Now, not all immigration from Mexico is from Mexicans. A relatively recent example of this would be Haiti, where Haitians fleeing their country’s current strife used the Mexican border to illegally enter the United States. Mexico serves a similar role as a launching pad for countries like Guatemala and Honduras. Which does not follow international protocol for claiming asylum. You are supposed to claim asylum in the first country you enter. So yes, this is true, Mexicans are not the sole problem at our southern border. But there’s still an awful lot of Mexicans immigrating to the States. Approximately 6.6 million Mexicans reside here illegally based on 2017 statistics. For perspective, Mexico is a country of approximately 130 million.

All countries have border security. All countries have an immigration policy. Anyone arguing otherwise or thinking the United States should be an exception is foolish. We do have immigration policies in place, unfortunately we’re not very good about enforcing them. But this topic isn’t about the crime that comes with illegal immigration, or the drugs, or human trafficking, or any of the problems you’ve heard on the news a thousand times. No, this is about how immigration, legal or illegal, hurts Mexico.
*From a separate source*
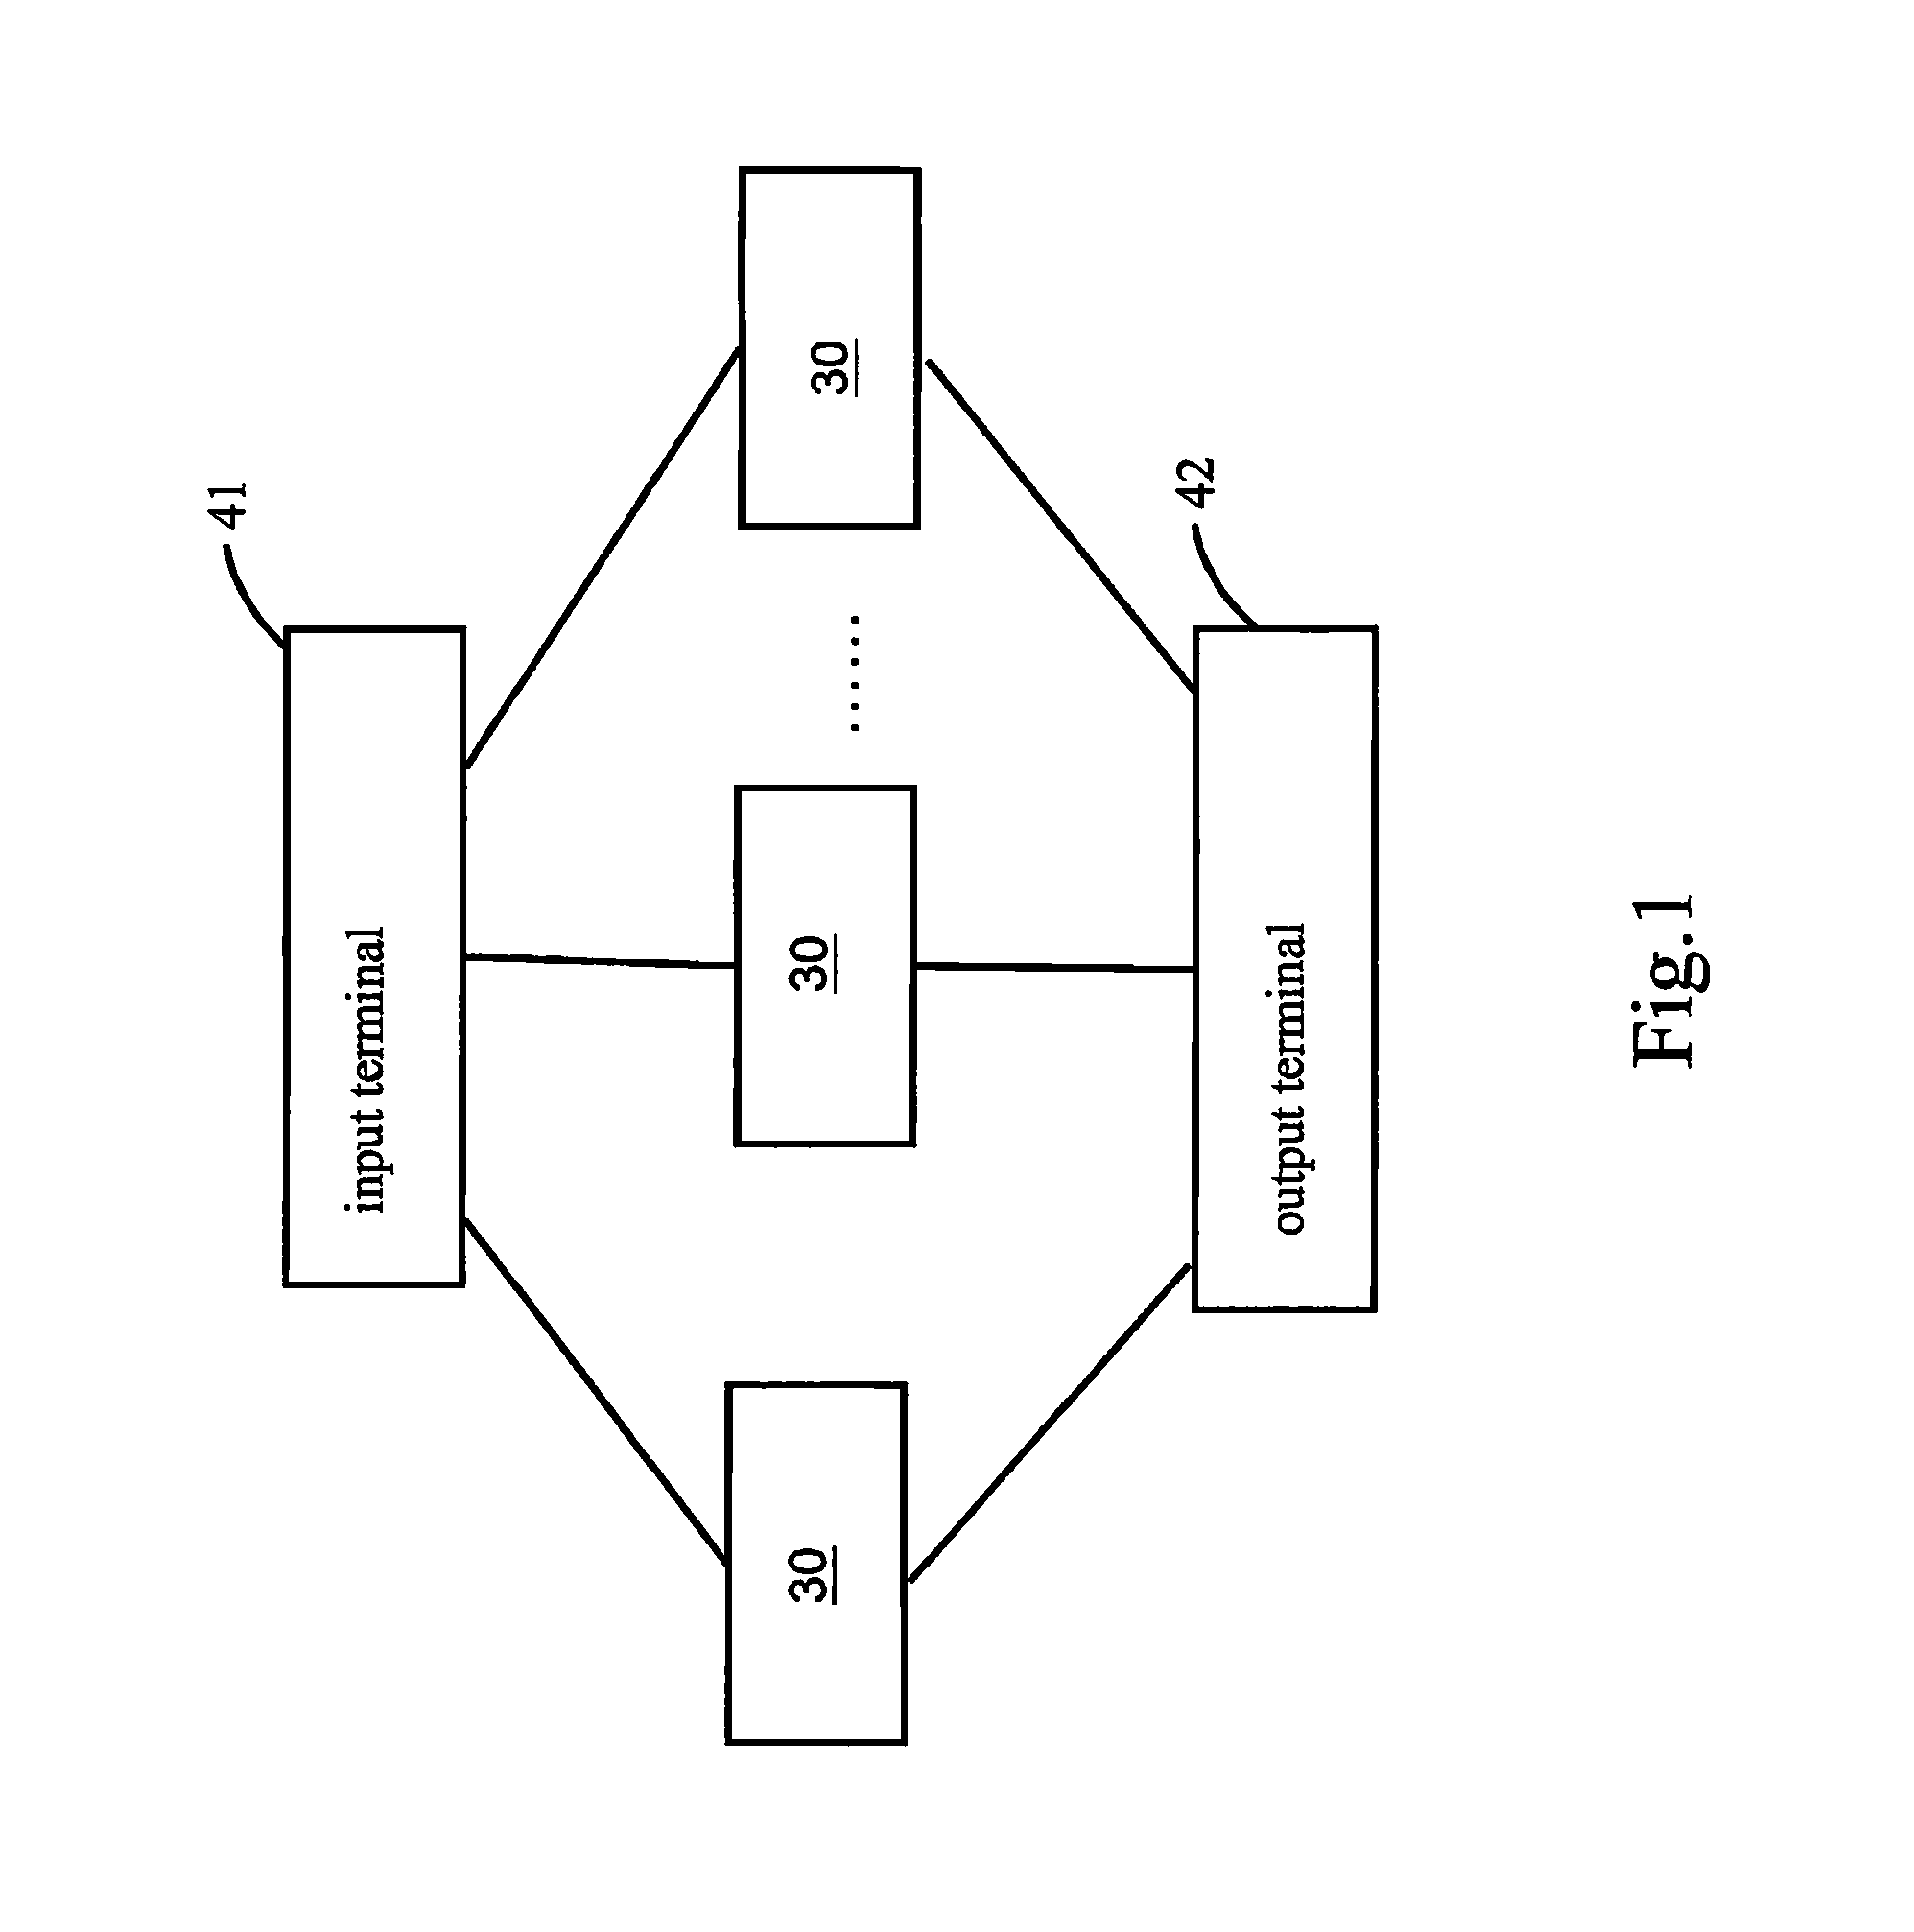 High electron mobility field effect transistor (HEMT) device

Mexico could be one of the greatest nations on Earth. It has agriculture, it has industry, it even has relatively low taxes. Mexico also has a $2.4 trillion economy, the 11th largest in the world. That’s nothing to sneeze at, but imagine if it were better? On paper, Mexico is a perfect country. The only thing stopping Mexico from being top-tier is corruption. Massive, massive corruption. Anyone who is only familiar with Mexico via their spring break alcohol binge knows nothing about the true state of Mexican life. Real income inequality, not the income inequality that champagne socialists complain about here. In Mexico, it isn’t uncommon to encounter someone who is literally living on dirt, whose neighbor has 500 armed security guards around their gated mansion and makes more money in one week than I will in my entire life.
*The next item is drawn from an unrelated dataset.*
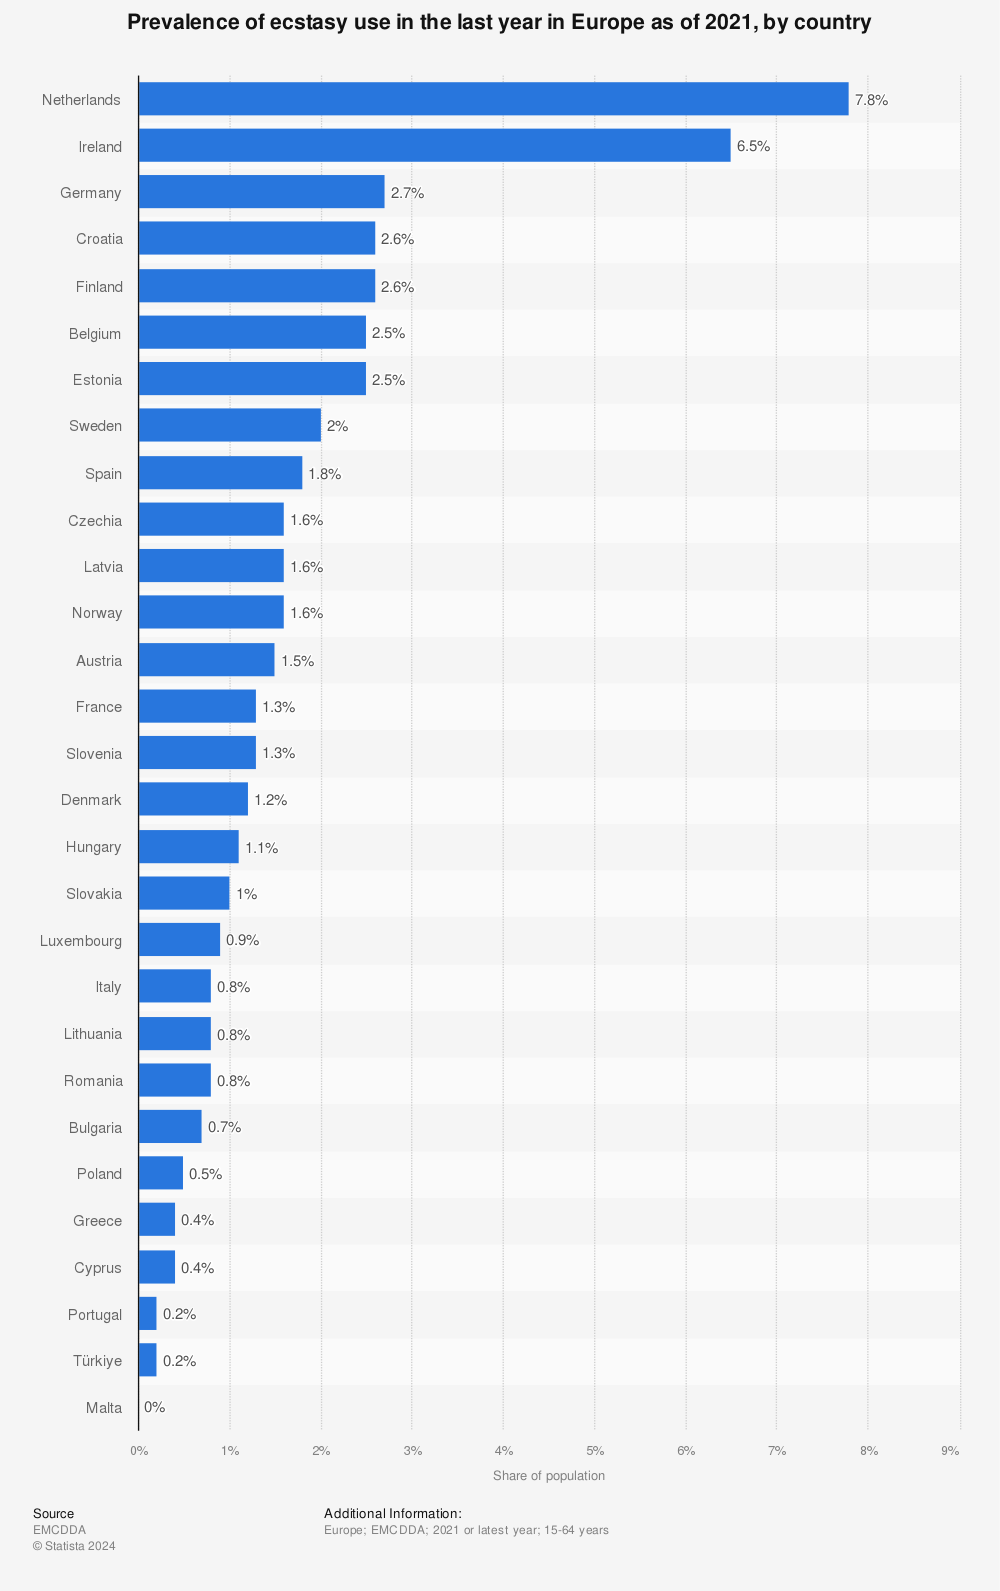 Statistic: Prevalence of ecstasy use in the last year in Europe as of 2021, by country | Statista

The Mexican government is massively corrupt. Drug dealers and human traffickers are basically an armed wing of the Mexican government. In many ways, the cartels are the government, and they have a vested interest in keeping their people destitute. It is not safe in Mexico. Sure, there are places to live that are as safe as the U.S., but it is also not uncommon to be forced to pay a police officer to gain entry to another city. Or for any reason, really. Bribing officers is common policy in Mexico. It is also not uncommon to be caught in the crossfire between rival drug lords. All of this is protected and encouraged by the corrupt Mexican government. It is not a great place to live for the vast majority of their population, and it’s easy to see why so many would rather be here.
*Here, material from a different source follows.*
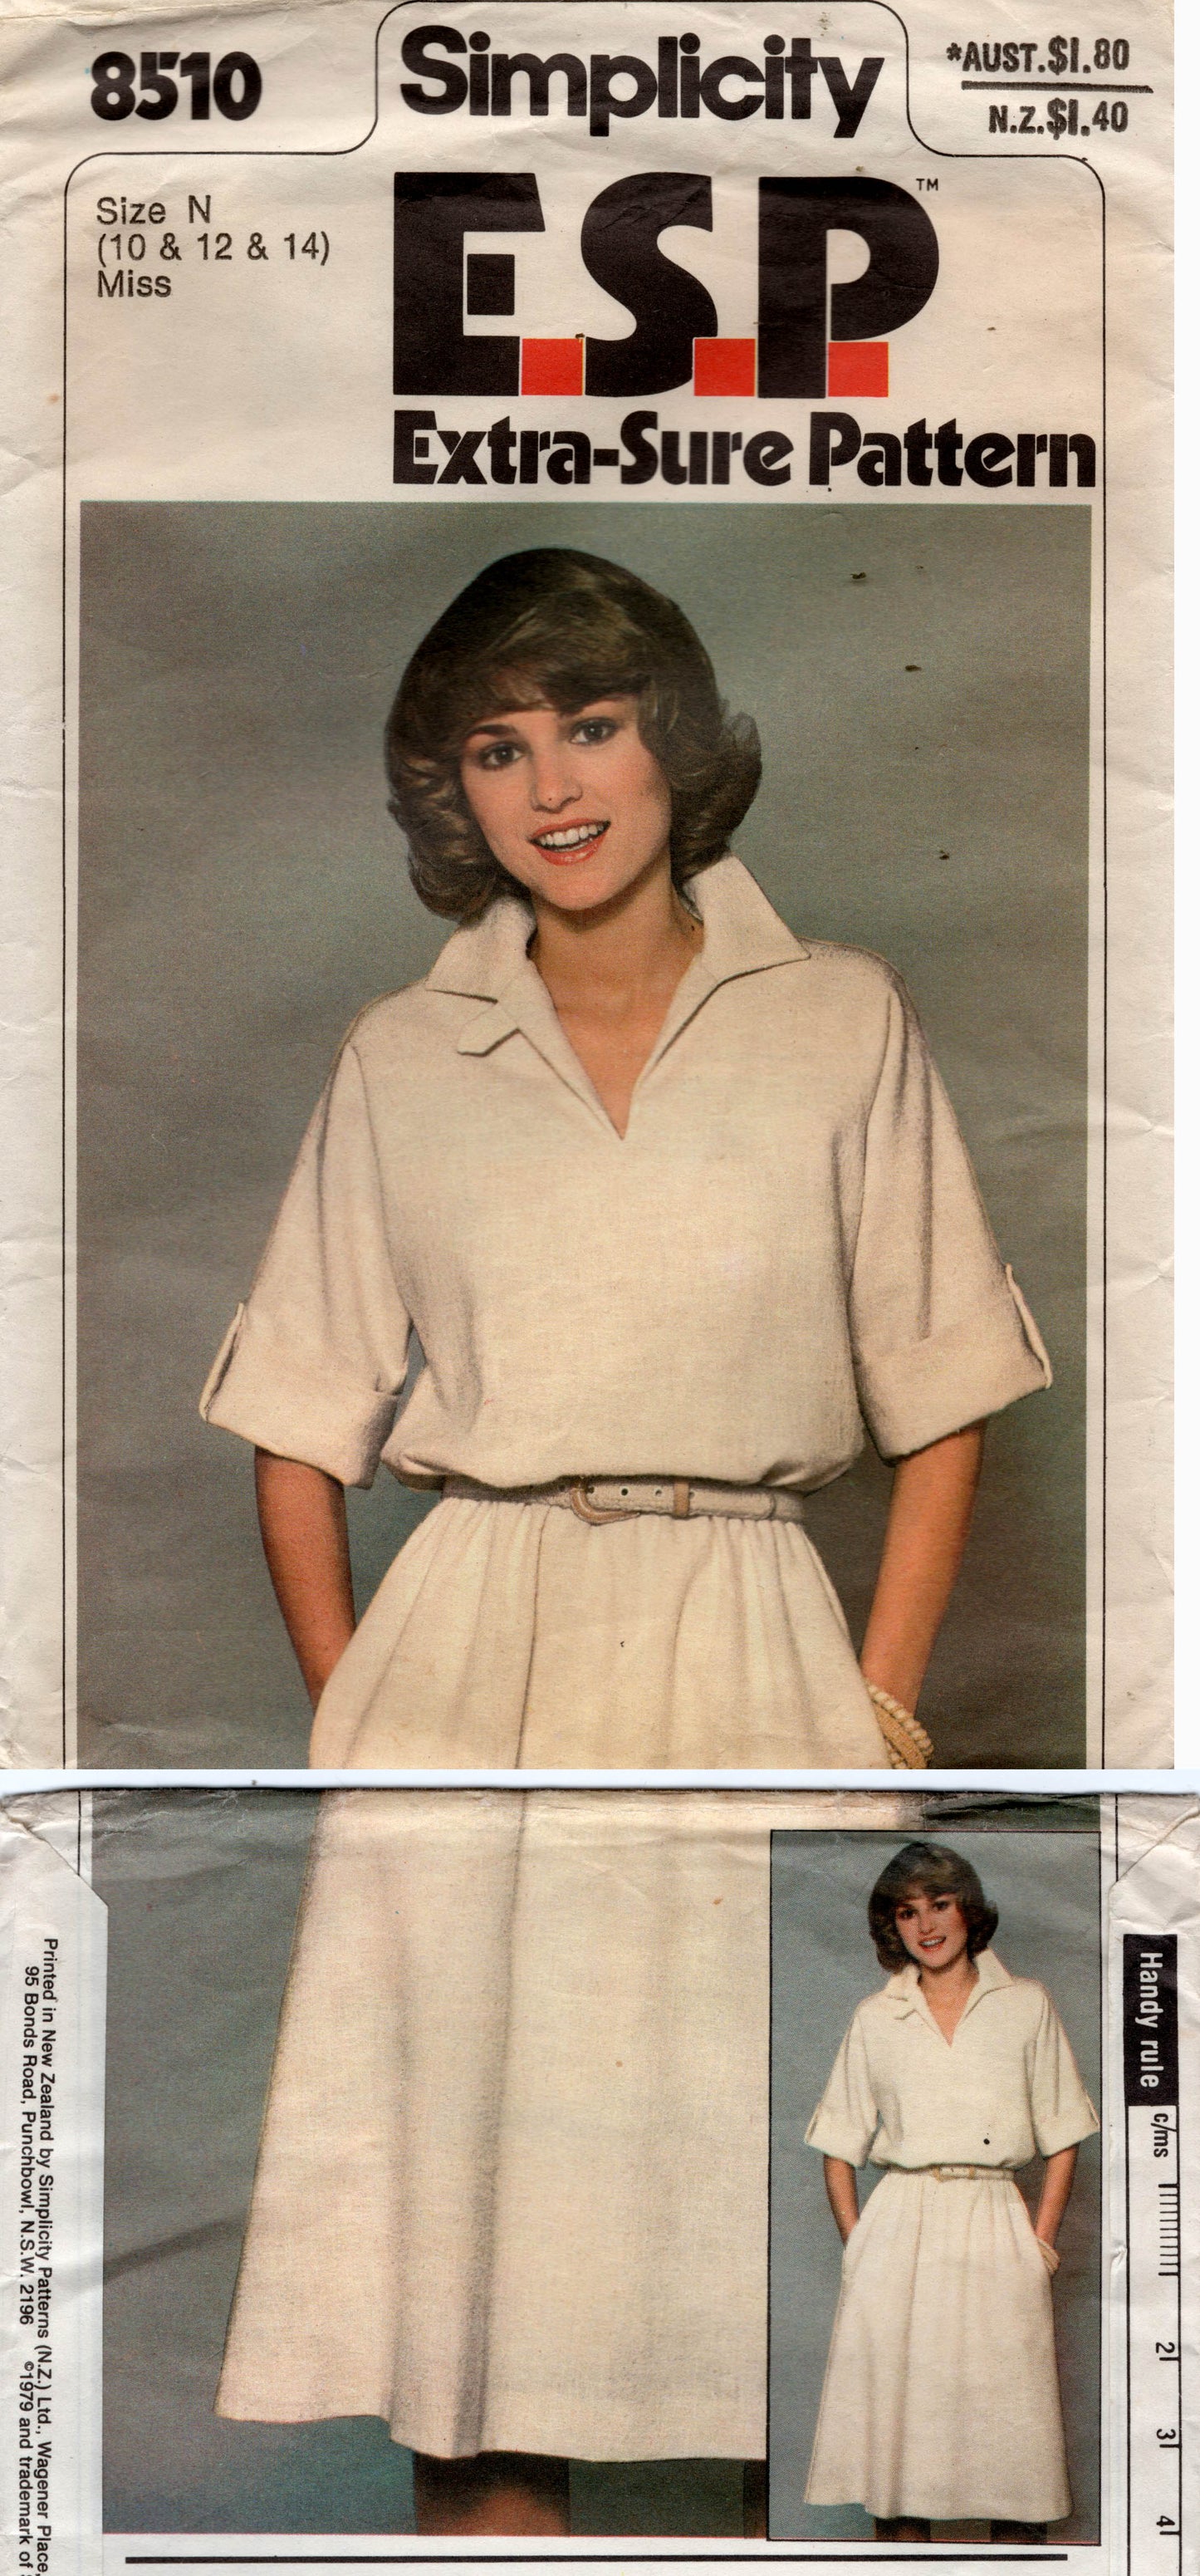 Simplicity 8510 Womens EASY Retro Pullover Shirtdress 1970s Vintage Sewing Pattern Size 10 - 14 UNCUT Factory Folded

Coyotes and drug dealers do gain financial benefits from being so close to their government, and from our lack of border security. But they also prosper from an unseen benefit: the threat of political revolution. The millions of young Mexican fighting-age men that flee, legally or illegally, into our country are potential liberators and revolutionaries. Every time things get a little too hot with the drug cartels, the potential to overthrow and reform the corrupt government moves closer to reality. But that will never happen if we keep giving those potential 1776’ers a back door escape plan. Think of it as a pressure valve: things get too hot in Mexico, we release the pressure valve and all of that heat escapes. They come here, Mexico’s problems get worse, keep repeating ad nauseam. We are helping ensure that Mexico stays corrupt forever. If we kept the lid on the pressure valve, the cartels and corrupt politicians would face the political, or physical, consequences for their tyranny. That is the harsh reality that nobody is willing to talk about. We’re a nanny to other countries as well, namely Afghanistan. Everyone remembers the pictures of hundreds of Afghanis crowded on planes to escape their current situation and find refuge in the United States. What don’t you see in those pictures?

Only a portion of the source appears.